О, да, это случилось, Тонкая завела любовника себе в Питере! И Бес, кусая губы, откусывая и плюя сигареты, ударяя себя кулаком по губам, по щекам, по зубам, плача бессильно, как зверек, выгнанный из норы жестоким паводком, повторял себе: ну да, это жизнь, это все жизнь, это же жизнь, вот так она идет, вот так она продолжается! А я думал, Тонкая — вечна! А ты думаешь, ты — вечен?! Ну иди, сними шлюшку на Финляндском! За стольник! За полтинник! И она пойдет — за полтинник! Потому что жрать хочет! А Тонкая! А Тонкая… Где ты?! Где ты, милая, нежная радость моя?! Я виноват?!! Я кругом виноват?! Где я ошибся?! Где?!
И мертвый голос глухо, медленно говорил внутри: ты нигде не ошибся, ты просто жил, и она просто жила.
Он растирал по лицу слезы кулаками, ладонями. От железного черного гонга спасения не было. Он старательно слушал его медные, медленные раскаты: погоди, не спеши, дай ей время. Она же девочка. Она просто глупая девочка. А потом, она же художница, и ей для вдохновения и картин нужна новая живая красота.
Да, долго Бес не приходил к Тонкой. И вот пришел.

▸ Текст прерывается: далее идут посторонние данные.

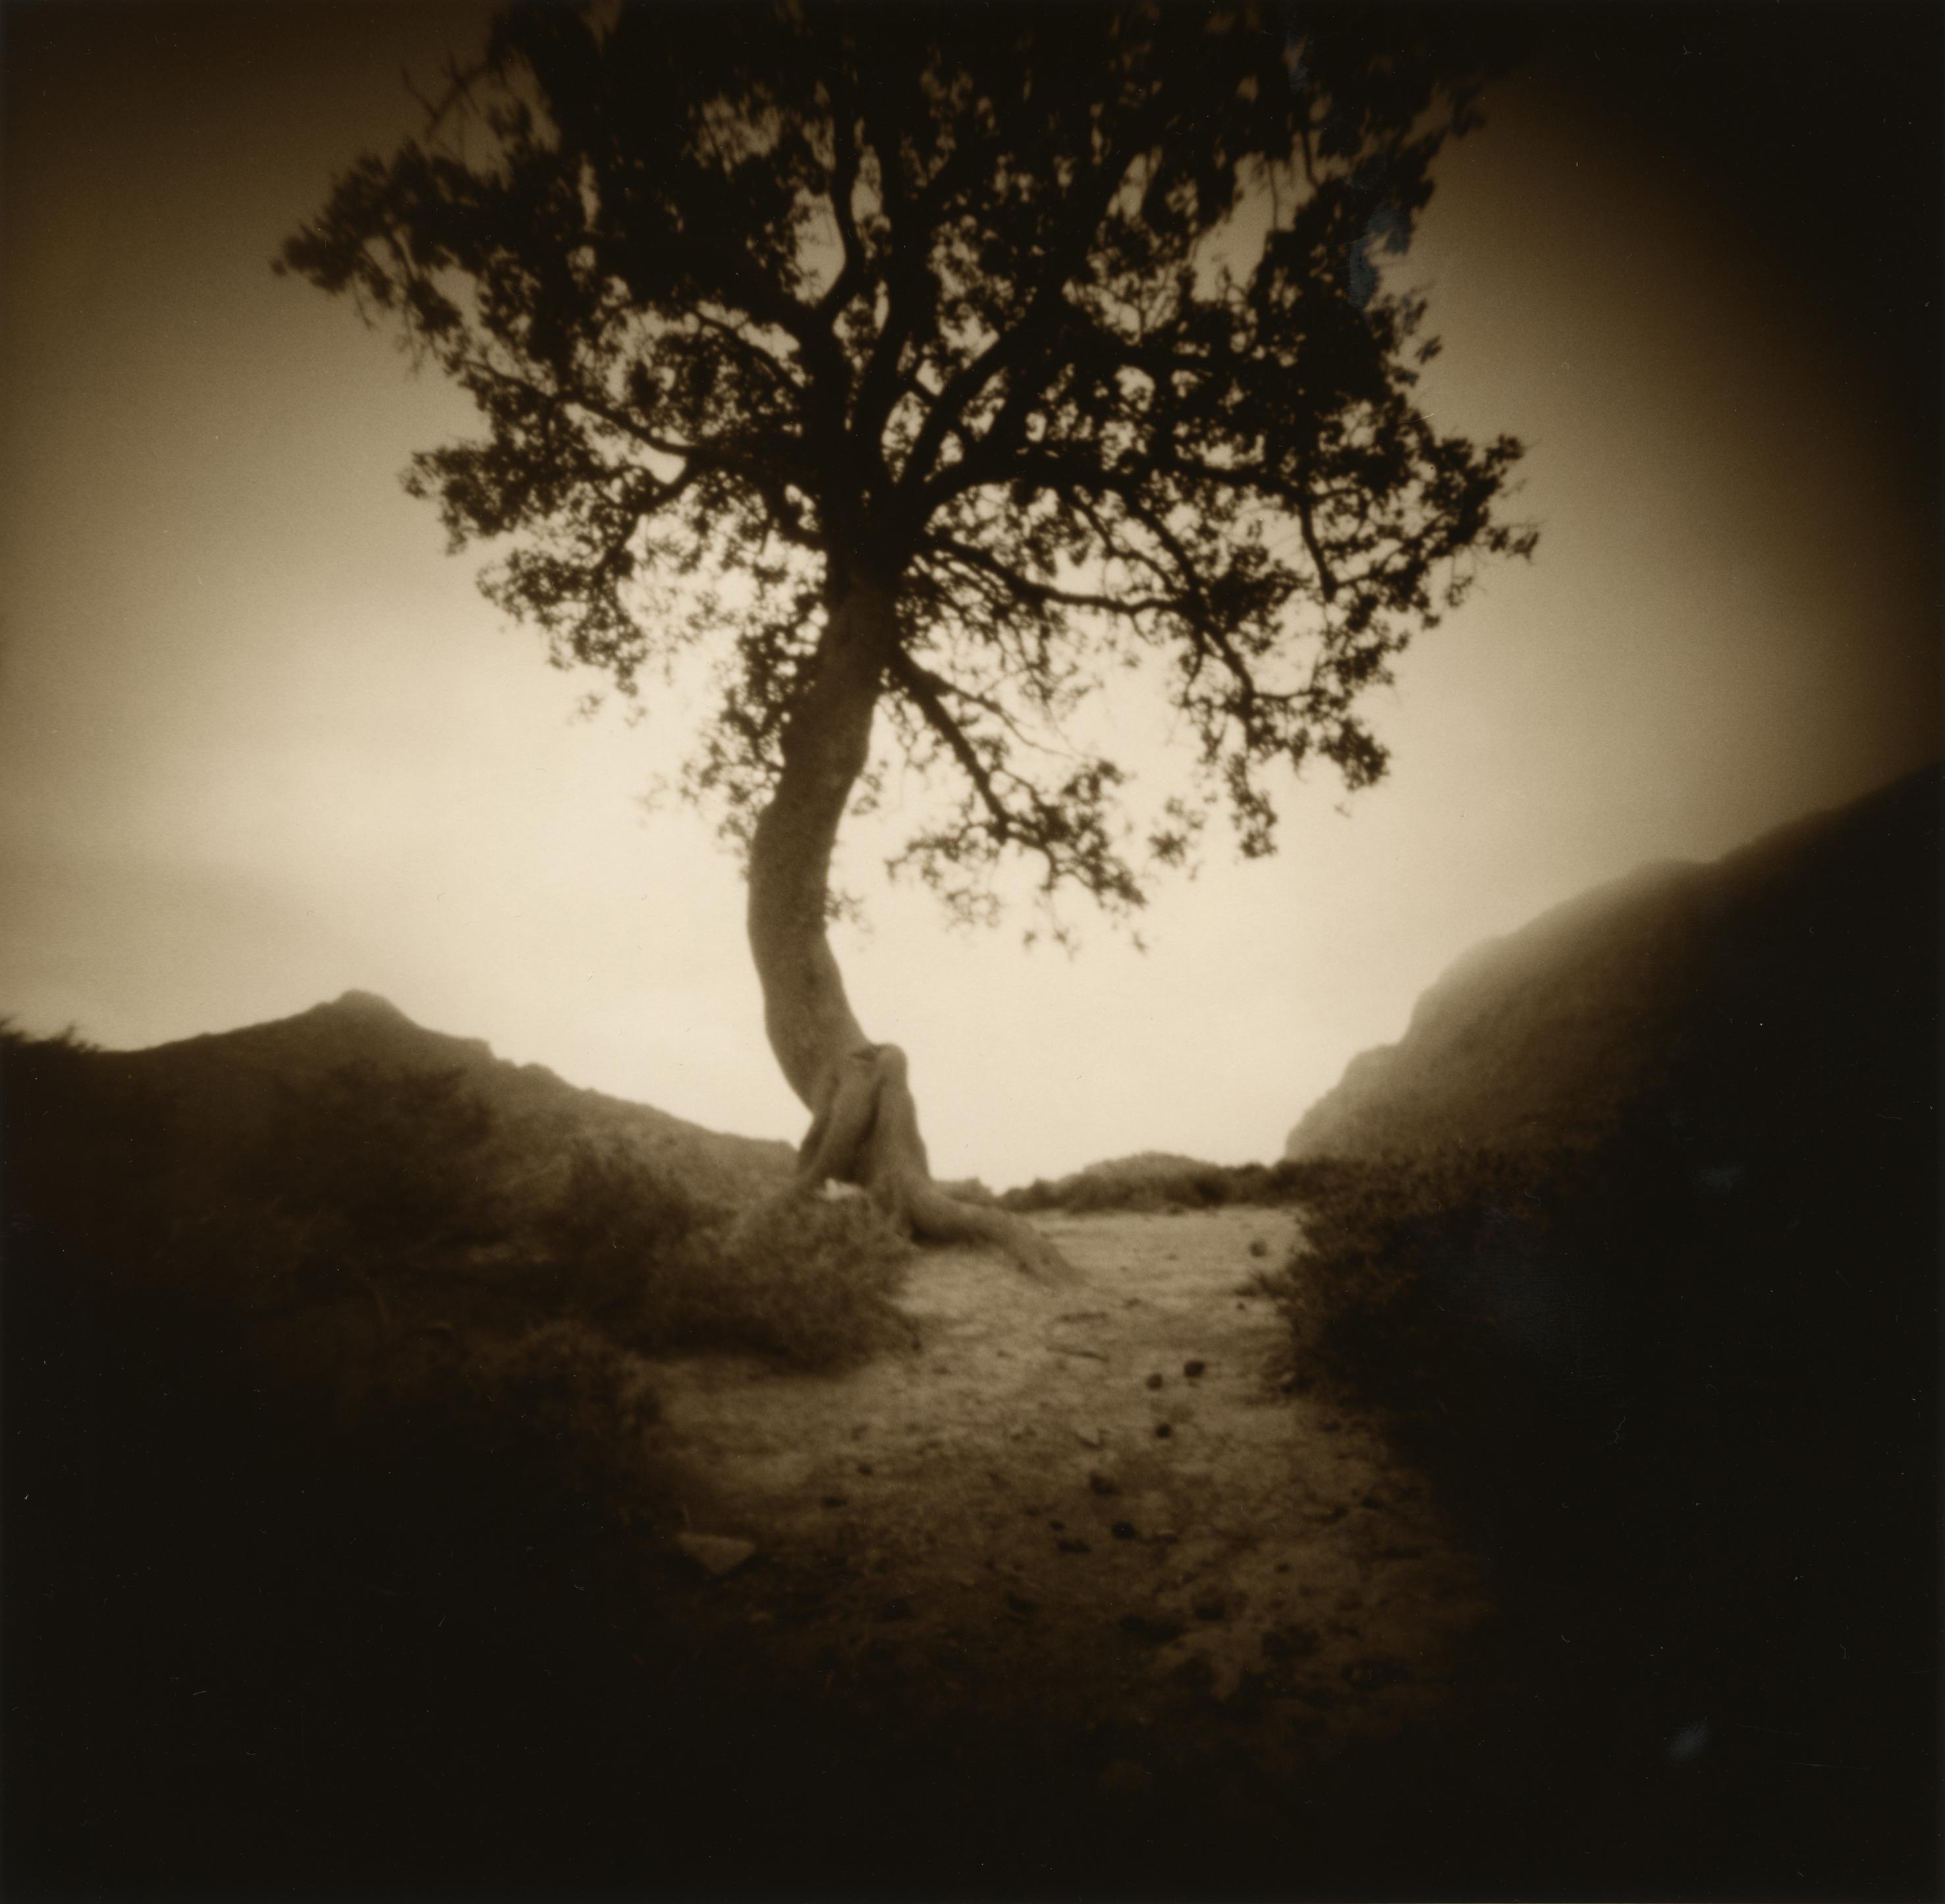 Arbor Creta

Он сам не знал, как, почему пришел. Он уже пробовал ее забыть. Он уже расстался с ней. Белому не говорил ничего, а Белый и не спрашивал. Их поймали на улице за расклейкой партийных листовок, таскали в каталажку, устыжали, хорошо, хоть не били и не пытали, а пацаны говорили, в ментовке и бьют и пытают. Грозились из Питера выгнать. Бесу было все равно: Питер так Питер, Нижний так Нижний, Москва так Москва, Грозный так Грозный, Нью-Йорк так Нью-Йорк. Бес глядел в жирное, усталое, с глазами-щелочками, отупелое лицо милиционера, и думал: нет, в тюрьму не упекут, нет, слабо.
Их отпустили, витиевато выматерив в спину. Зимний ветер свистел над головами, бритвой резал надбровья, носы. Он резко бросил Белому: «Я в одно место. Буду поздно. Последней электричкой. А может, и не…» Махнул рукой; побежал.
Он бежал, будто на пожар. Задыхался.
Гнал тюлений, медленный подземный поезд. Костерил шепотом толпу в метро. Бил кулаками по поручням в черепахой ползущем, вонючем, как нацистская душегубка, автобусе. Это ее чертово общежитие тоже далеко от центра было.
Тонкая встретила его на пороге комнаты. Кажется, она ему не удивилась. Ее кривенькое личико, красное, опухшее и зареванное, ударило в него светом небесным. Он схватил ее за плечи. Она втянула его в комнатенку. Соседка сидела на кровати, читала книжку, стреляя глазами из-под круглых старушечьих очков, и похотливо ела банан.
— Я… сдала… экзамен… по компози-ци-и-и-и-и-и…
Слезы сыпались мелкими жемчужными горошинами ей на нестиранный, милый воротник.
— Ну хорошо, хорошо, что сдала, хорошо…
Он терял дар речи от радости. Он видит ее! Держит ее в руках!
— Пя-а-а-ать…
— Ну вот видишь, пять… А что ты… — Он сглотнул. — Рисовала?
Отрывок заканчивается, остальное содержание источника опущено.